🤖 AI Summary
Existing remote sensing benchmarks for agricultural monitoring struggle to address the challenges of terraced field delineation in mountainous regions, where complex terrain, irregular boundaries, and high spatial heterogeneity impede accurate parcel extraction. To tackle this limitation, this work introduces GTPBD-MM, the first global multimodal benchmark specifically designed for terraces, integrating high-resolution optical imagery, structured textual descriptions, and digital elevation models (DEMs). The study also proposes ETTerra, a multimodal baseline method that enables both unimodal (image-only) and multimodal (image–text–DEM) evaluation, achieving the first-ever alignment across these three modalities. Experimental results demonstrate that jointly leveraging semantic textual cues and topographic geometric information significantly enhances the accuracy, coherence, and structural consistency of extracted terrace boundaries, outperforming purely vision-based approaches.
📝 Abstract
Agricultural parcel extraction plays an important role in remote sensing-based agricultural monitoring, supporting parcel surveying, precision management, and ecological assessment. However, existing public benchmarks mainly focus on regular and relatively flat farmland scenes. In contrast, terraced parcels in mountainous regions exhibit stepped terrain, pronounced elevation variation, irregular boundaries, and strong cross-regional heterogeneity, making parcel extraction a more challenging problem that jointly requires visual recognition, semantic discrimination, and terrain-aware geometric understanding.

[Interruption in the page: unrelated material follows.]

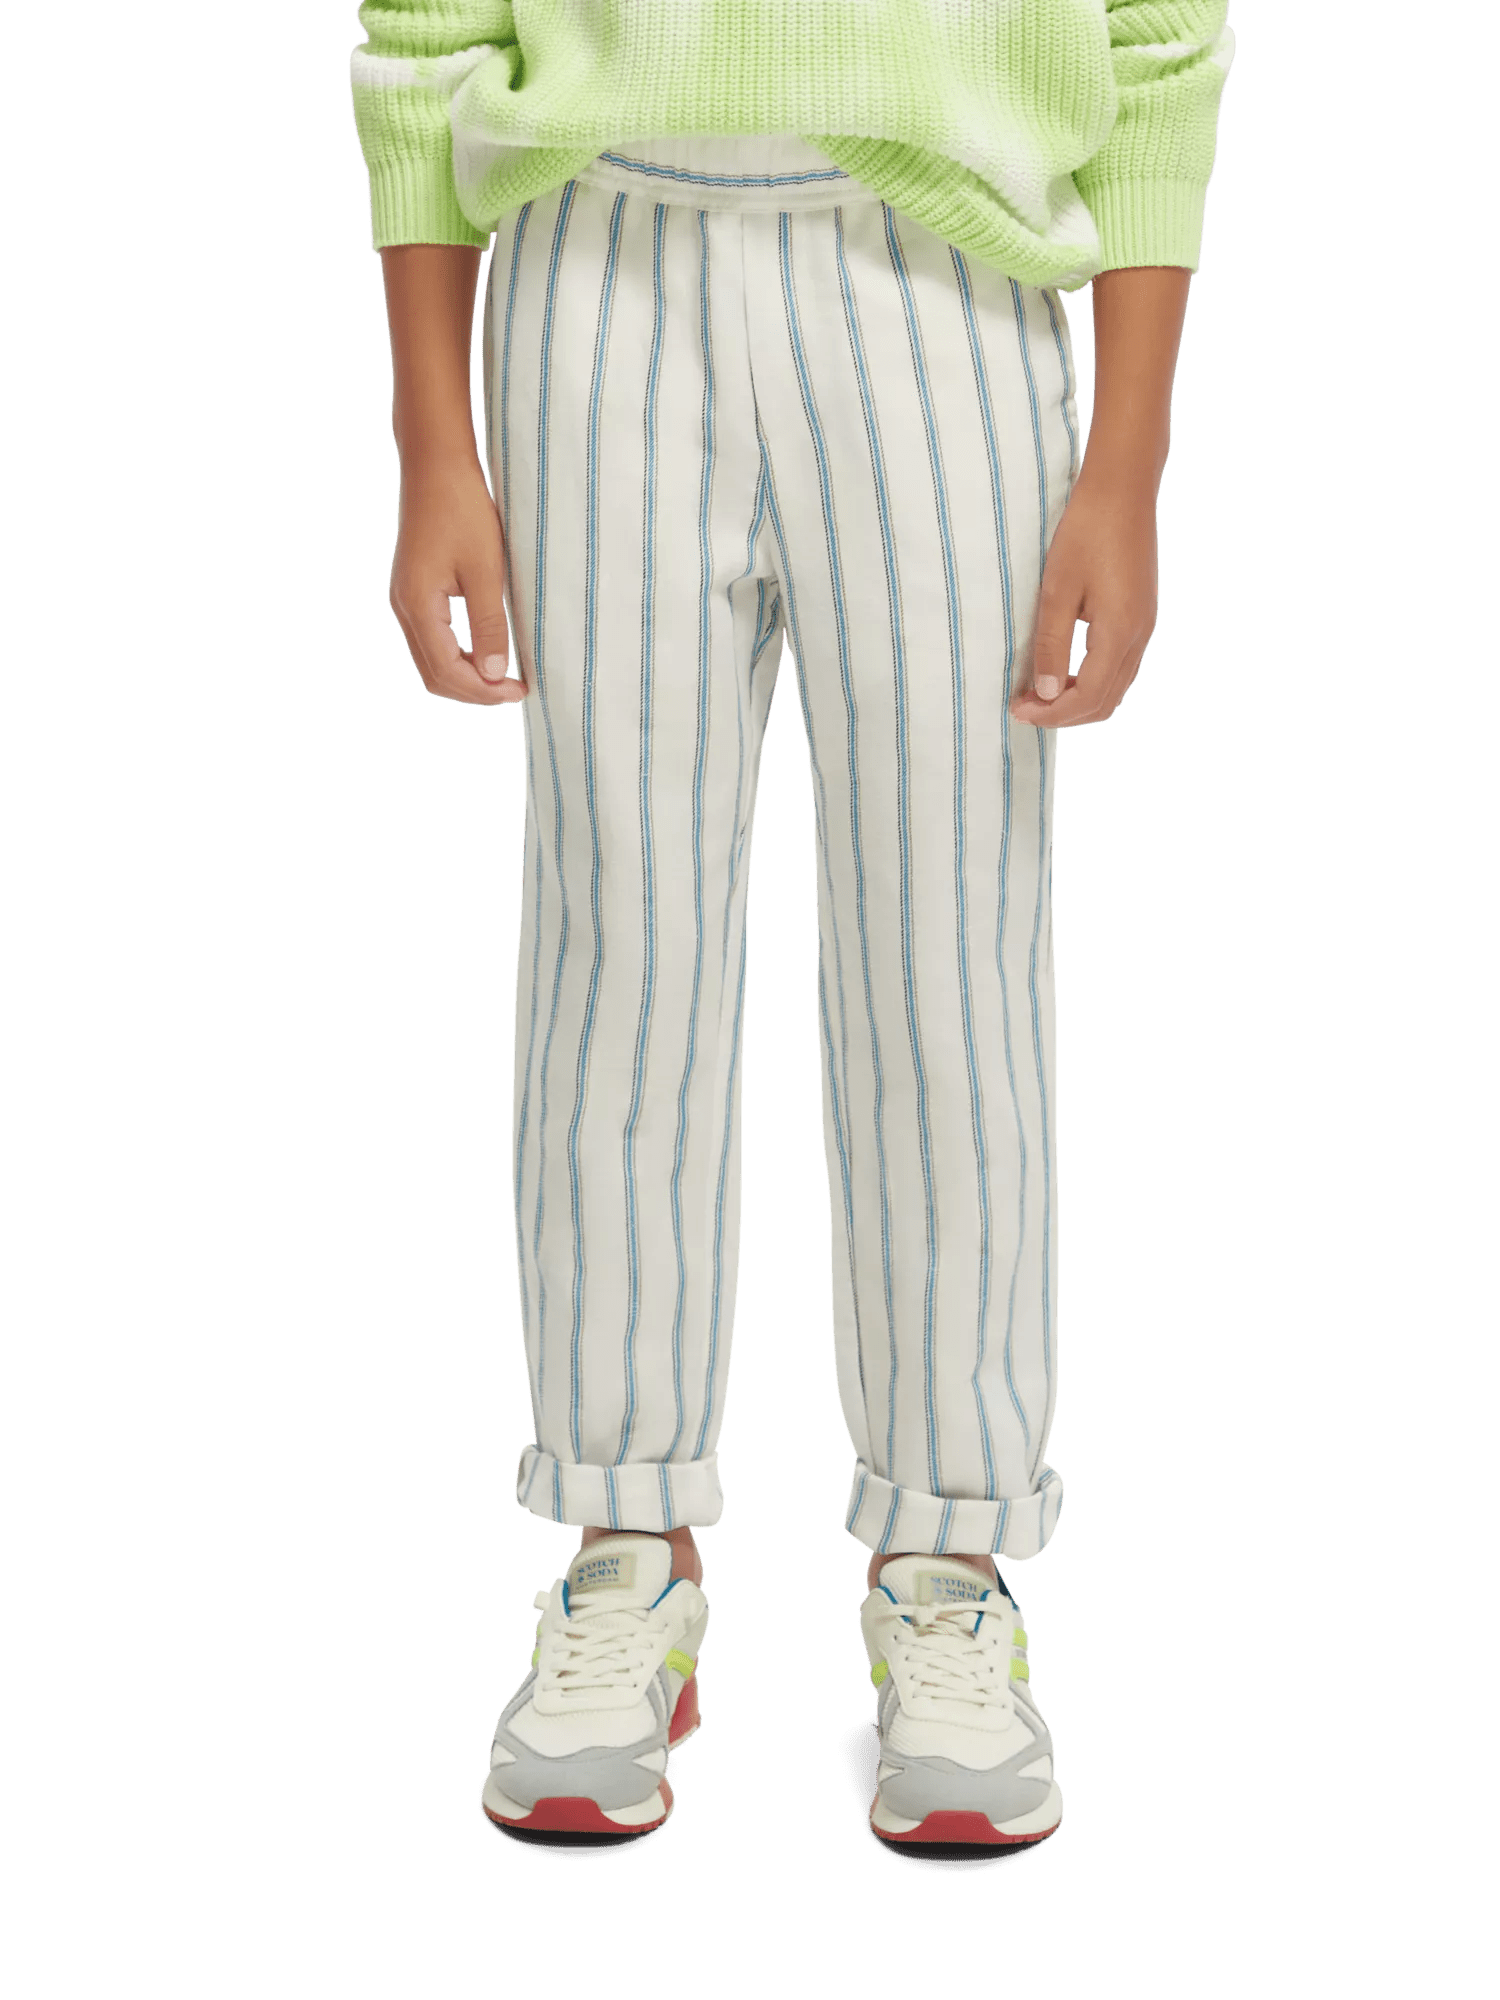 Scotch & Soda Hose im Relaxed Tapered Fit aus Leinenmischung NHD-CRP
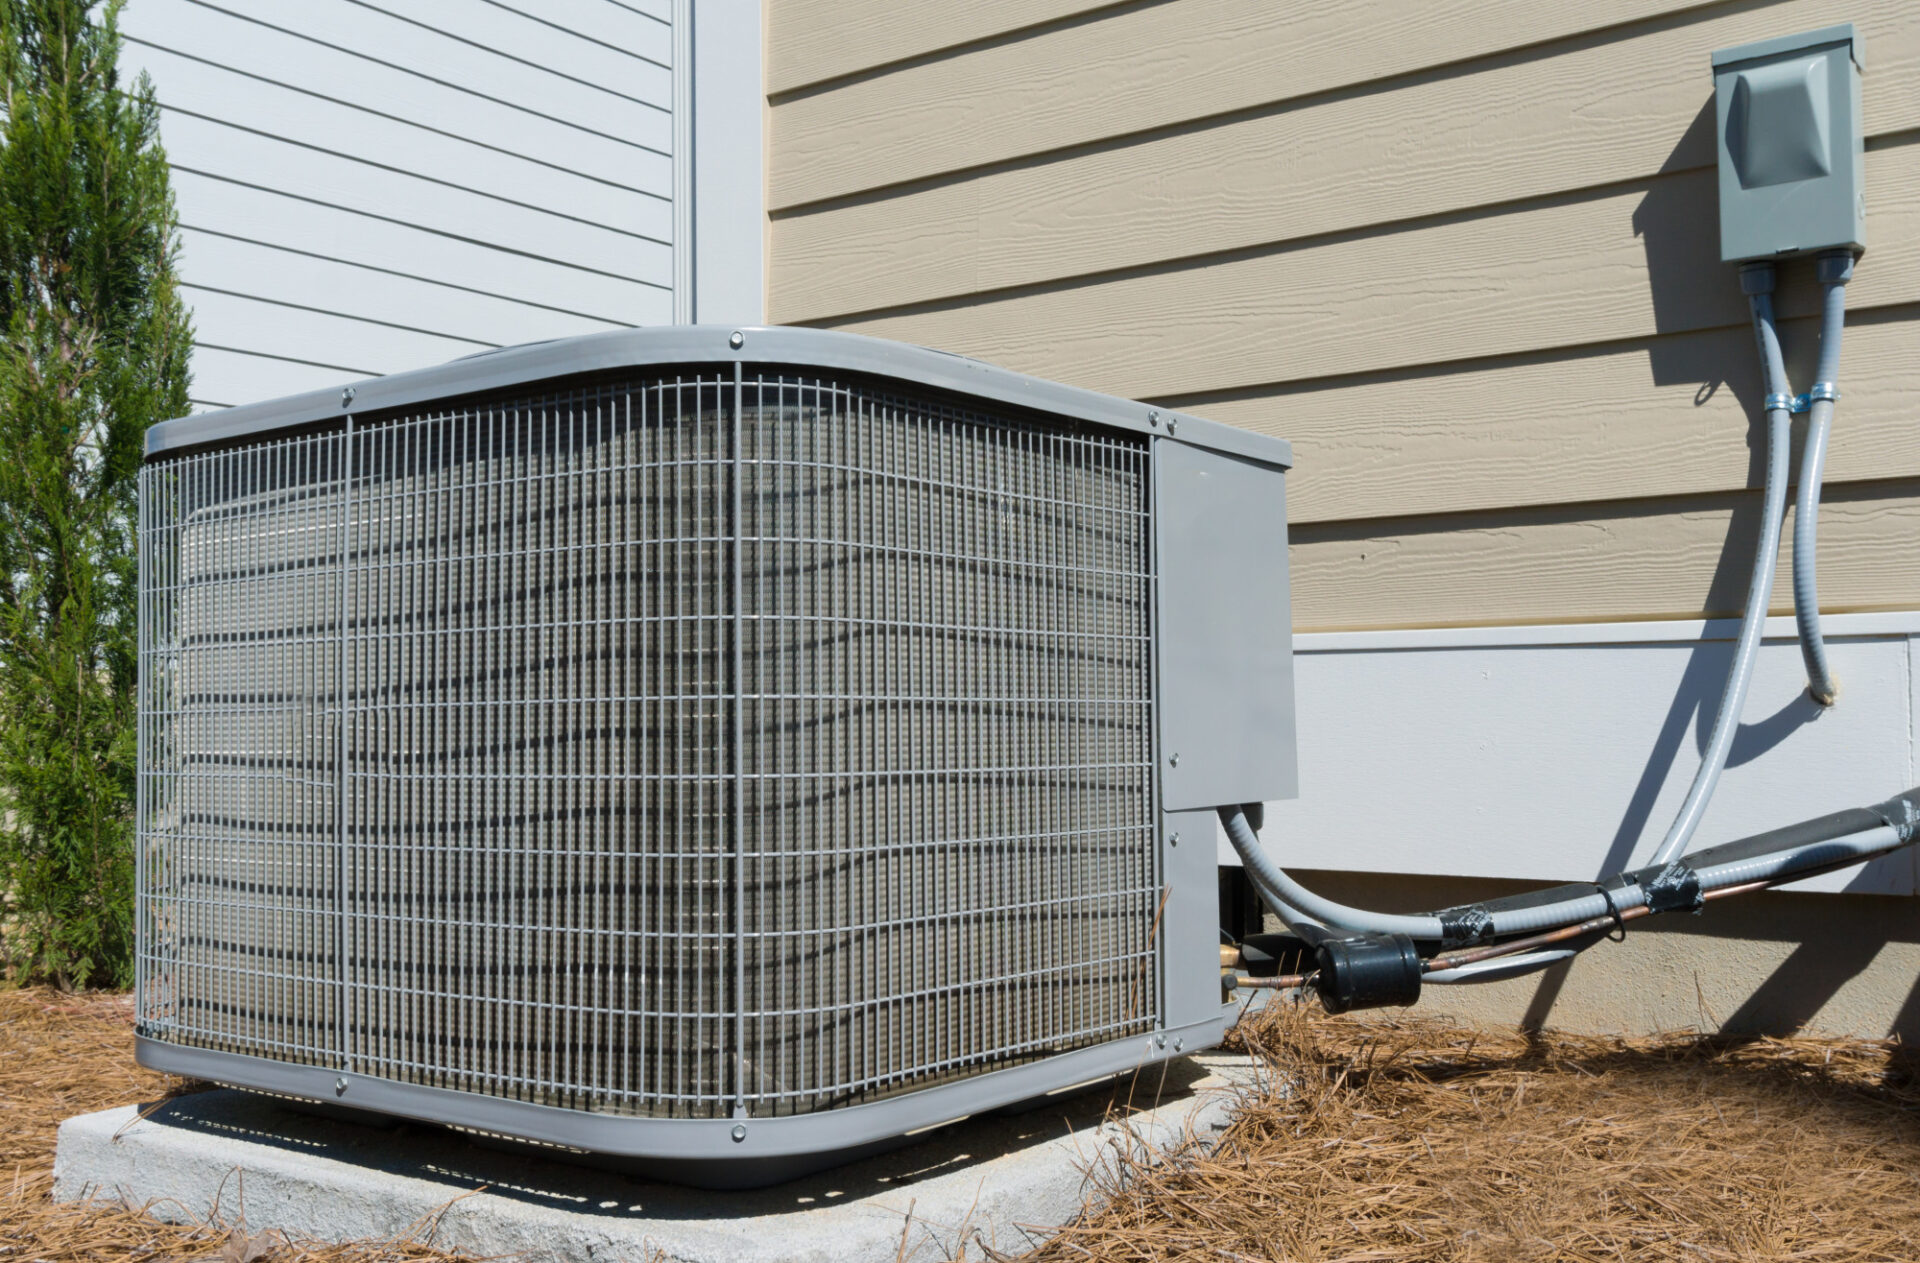 Heating and Air Conditioning Tips for the 2020 Atlantic Hurricane Season

Although recent studies have advanced visual parcel benchmarks and image-text farmland understanding, a unified benchmark for complex terraced parcel extraction under aligned image-text-DEM settings remains absent. To fill this gap, we present GTPBD-MM, the first multimodal benchmark for global terraced parcel extraction. Built upon GTPBD, GTPBD-MM integrates high-resolution optical imagery, structured text descriptions, and DEM data, and supports systematic evaluation under Image-only, Image+Text, and Image+Text+DEM settings. We further propose Elevation and Text guided Terraced parcel network (ETTerra), a multimodal baseline for terraced parcel delineation. Extensive experiments demonstrate that textual semantics and terrain geometry provide complementary cues beyond visual appearance alone, yielding more accurate, coherent, and structurally consistent delineation results in complex terraced scenes.